**Source material**
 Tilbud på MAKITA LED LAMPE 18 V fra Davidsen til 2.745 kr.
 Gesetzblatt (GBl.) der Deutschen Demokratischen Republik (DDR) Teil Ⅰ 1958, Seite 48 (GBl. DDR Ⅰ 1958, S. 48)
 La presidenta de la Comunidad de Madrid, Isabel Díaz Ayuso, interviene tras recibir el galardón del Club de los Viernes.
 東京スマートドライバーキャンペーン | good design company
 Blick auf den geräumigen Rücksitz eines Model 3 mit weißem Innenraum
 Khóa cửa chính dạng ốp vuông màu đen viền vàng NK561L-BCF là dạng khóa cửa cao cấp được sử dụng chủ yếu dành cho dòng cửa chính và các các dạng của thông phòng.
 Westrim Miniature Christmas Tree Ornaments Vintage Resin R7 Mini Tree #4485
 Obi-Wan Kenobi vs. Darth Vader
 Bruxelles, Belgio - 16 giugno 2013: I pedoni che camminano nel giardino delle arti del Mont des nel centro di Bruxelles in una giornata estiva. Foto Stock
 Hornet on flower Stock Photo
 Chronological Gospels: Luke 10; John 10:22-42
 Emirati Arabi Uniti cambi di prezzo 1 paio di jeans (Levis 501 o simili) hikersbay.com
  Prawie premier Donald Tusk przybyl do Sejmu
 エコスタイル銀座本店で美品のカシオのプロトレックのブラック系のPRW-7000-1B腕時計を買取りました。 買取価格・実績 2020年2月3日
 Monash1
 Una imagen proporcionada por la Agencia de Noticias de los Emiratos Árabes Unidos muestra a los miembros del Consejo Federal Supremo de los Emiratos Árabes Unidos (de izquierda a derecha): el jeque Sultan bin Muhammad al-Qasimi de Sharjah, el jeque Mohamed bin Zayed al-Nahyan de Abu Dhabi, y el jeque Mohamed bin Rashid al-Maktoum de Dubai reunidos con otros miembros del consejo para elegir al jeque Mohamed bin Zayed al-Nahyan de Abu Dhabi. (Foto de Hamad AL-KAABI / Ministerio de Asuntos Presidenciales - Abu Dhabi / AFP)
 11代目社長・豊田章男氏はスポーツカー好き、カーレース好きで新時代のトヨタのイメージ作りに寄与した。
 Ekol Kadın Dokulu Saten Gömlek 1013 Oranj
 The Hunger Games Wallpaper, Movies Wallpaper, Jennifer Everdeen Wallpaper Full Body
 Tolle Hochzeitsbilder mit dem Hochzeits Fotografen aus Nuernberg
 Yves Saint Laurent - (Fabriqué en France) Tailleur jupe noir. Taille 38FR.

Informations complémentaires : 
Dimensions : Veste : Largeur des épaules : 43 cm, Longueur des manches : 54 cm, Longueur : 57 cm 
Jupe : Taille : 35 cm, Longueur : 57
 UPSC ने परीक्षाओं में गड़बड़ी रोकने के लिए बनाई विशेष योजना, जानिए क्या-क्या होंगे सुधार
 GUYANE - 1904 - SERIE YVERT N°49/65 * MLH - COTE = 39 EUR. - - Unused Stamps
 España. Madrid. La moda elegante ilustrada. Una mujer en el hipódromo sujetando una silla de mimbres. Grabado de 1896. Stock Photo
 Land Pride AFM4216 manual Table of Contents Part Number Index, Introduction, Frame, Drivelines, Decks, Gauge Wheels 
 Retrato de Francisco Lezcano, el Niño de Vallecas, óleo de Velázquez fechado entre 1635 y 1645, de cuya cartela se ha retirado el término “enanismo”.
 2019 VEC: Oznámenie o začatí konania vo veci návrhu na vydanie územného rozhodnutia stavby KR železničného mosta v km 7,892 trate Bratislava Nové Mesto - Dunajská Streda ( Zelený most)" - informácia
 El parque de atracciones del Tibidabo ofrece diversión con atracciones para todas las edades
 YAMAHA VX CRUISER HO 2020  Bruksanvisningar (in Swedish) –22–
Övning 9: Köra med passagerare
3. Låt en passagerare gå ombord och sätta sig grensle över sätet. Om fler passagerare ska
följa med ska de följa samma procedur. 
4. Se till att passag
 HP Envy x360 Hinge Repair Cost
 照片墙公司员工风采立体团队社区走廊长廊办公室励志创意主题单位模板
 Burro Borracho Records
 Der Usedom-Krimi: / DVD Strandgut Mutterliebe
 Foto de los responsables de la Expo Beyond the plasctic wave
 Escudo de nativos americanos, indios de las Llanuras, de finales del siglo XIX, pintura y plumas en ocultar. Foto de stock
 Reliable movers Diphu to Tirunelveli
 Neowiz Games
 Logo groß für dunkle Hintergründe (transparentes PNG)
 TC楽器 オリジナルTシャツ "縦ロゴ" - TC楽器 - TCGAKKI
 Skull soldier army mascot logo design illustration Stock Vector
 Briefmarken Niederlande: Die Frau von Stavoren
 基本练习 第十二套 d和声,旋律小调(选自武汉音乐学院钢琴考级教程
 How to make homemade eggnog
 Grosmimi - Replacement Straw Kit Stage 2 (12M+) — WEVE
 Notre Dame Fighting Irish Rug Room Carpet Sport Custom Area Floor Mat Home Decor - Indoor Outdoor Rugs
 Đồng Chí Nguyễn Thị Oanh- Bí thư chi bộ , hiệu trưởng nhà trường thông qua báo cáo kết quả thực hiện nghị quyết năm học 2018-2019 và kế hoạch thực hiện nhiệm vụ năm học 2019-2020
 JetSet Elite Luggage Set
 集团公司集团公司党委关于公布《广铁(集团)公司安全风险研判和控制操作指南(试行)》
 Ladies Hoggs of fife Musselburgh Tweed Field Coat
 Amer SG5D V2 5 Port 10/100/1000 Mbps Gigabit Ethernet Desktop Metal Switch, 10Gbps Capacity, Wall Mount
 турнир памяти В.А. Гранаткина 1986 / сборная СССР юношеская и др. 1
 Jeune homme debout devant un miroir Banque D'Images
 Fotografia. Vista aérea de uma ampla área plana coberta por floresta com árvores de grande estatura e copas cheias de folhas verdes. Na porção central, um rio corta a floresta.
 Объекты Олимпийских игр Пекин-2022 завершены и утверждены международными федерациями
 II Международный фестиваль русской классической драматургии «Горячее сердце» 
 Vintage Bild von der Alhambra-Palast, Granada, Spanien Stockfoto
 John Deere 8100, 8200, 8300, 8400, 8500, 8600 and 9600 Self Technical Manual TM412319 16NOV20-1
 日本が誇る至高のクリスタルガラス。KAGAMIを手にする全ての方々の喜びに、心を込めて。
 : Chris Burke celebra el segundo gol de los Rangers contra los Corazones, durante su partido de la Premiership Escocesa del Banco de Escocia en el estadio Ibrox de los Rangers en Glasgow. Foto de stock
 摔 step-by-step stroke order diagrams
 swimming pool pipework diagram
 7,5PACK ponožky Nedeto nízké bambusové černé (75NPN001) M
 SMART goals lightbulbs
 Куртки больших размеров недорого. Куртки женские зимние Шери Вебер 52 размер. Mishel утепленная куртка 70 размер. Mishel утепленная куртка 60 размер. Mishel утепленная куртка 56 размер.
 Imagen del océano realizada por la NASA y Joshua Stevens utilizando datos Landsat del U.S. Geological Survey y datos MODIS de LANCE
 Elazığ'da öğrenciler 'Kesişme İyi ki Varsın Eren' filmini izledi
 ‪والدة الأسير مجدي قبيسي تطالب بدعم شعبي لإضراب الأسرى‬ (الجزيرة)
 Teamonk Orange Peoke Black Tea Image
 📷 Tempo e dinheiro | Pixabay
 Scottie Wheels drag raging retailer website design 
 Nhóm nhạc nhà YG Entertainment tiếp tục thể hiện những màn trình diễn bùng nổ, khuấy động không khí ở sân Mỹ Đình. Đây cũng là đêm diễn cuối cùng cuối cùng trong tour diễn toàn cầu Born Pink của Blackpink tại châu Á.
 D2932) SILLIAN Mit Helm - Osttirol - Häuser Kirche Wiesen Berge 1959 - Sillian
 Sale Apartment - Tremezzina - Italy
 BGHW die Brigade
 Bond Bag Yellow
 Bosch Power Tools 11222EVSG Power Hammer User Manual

**Work request**
The line above containing "UPSC ने परीक्षाओं", the line containing "3. Låt en passagerare", and every line between them are to be transcribed exactly; no other line is wanted.

**Exercise response**
 UPSC ने परीक्षाओं में गड़बड़ी रोकने के लिए बनाई विशेष योजना, जानिए क्या-क्या होंगे सुधार
 GUYANE - 1904 - SERIE YVERT N°49/65 * MLH - COTE = 39 EUR. - - Unused Stamps
 España. Madrid. La moda elegante ilustrada. Una mujer en el hipódromo sujetando una silla de mimbres. Grabado de 1896. Stock Photo
 Land Pride AFM4216 manual Table of Contents Part Number Index, Introduction, Frame, Drivelines, Decks, Gauge Wheels 
 Retrato de Francisco Lezcano, el Niño de Vallecas, óleo de Velázquez fechado entre 1635 y 1645, de cuya cartela se ha retirado el término “enanismo”.
 2019 VEC: Oznámenie o začatí konania vo veci návrhu na vydanie územného rozhodnutia stavby KR železničného mosta v km 7,892 trate Bratislava Nové Mesto - Dunajská Streda ( Zelený most)" - informácia
 El parque de atracciones del Tibidabo ofrece diversión con atracciones para todas las edades
 YAMAHA VX CRUISER HO 2020  Bruksanvisningar (in Swedish) –22–
Övning 9: Köra med passagerare
3. Låt en passagerare gå ombord och sätta sig grensle över sätet. Om fler passagerare ska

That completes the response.